Re: [Numpy-discussion] Removing masked arrays for 1.7? (Was 1.7 blockers)

2012-04-20 Thread Frédéric Bastien
Hi,

I just discovered that the NA mask will modify the base ndarray
object. So I read about it to find the consequences on our c code. Up
to now I have fully read:

http://docs.scipy.org/doc/numpy/reference/arrays.maskna.html

and partially read:

https://github.com/numpy/numpy/blob/master/doc/neps/missing-data.rst
https://github.com/njsmith/numpy/wiki/NA-discussion-status

In those documents, I see a problem with legacy code that will receive
an NA masked array as input. If I missed something, tell me.


All our c functions check their inputs array with PyArray_Check and
PyArray_ISALIGNED. If the NA mask array is set inside the ndarray c
object, our c functions who don't know about it and will treat those
inputs as not masked.
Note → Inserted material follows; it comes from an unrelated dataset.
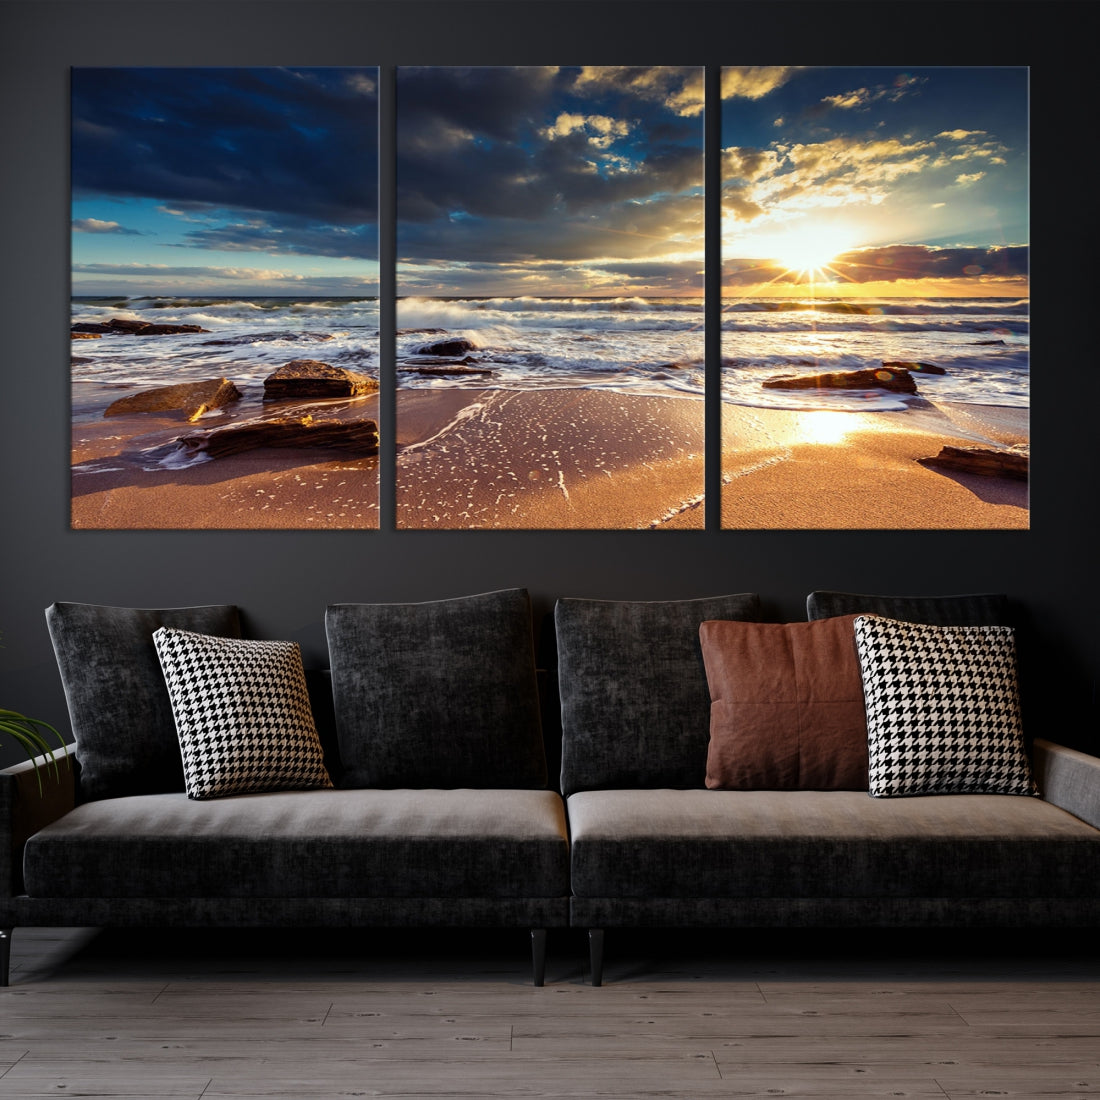 Seascape Sunset to Your Home with Our Beach Wall Art Canvas Print

So the user will have unexpected results. The
output will be an ndarray without mask but the code will have used the
masked value.

This will also happen with all other c code that use ndarray.

In our case, all the input check is done at the same place, so adding
the check with PyArray_HasNASupport(PyArrayObject* obj) to raise an
error will be easy for us. But I don't think this is the case for most
other c code.

So I would prefer a separate object to protect users from code not
being updated to reject NA masked inputs.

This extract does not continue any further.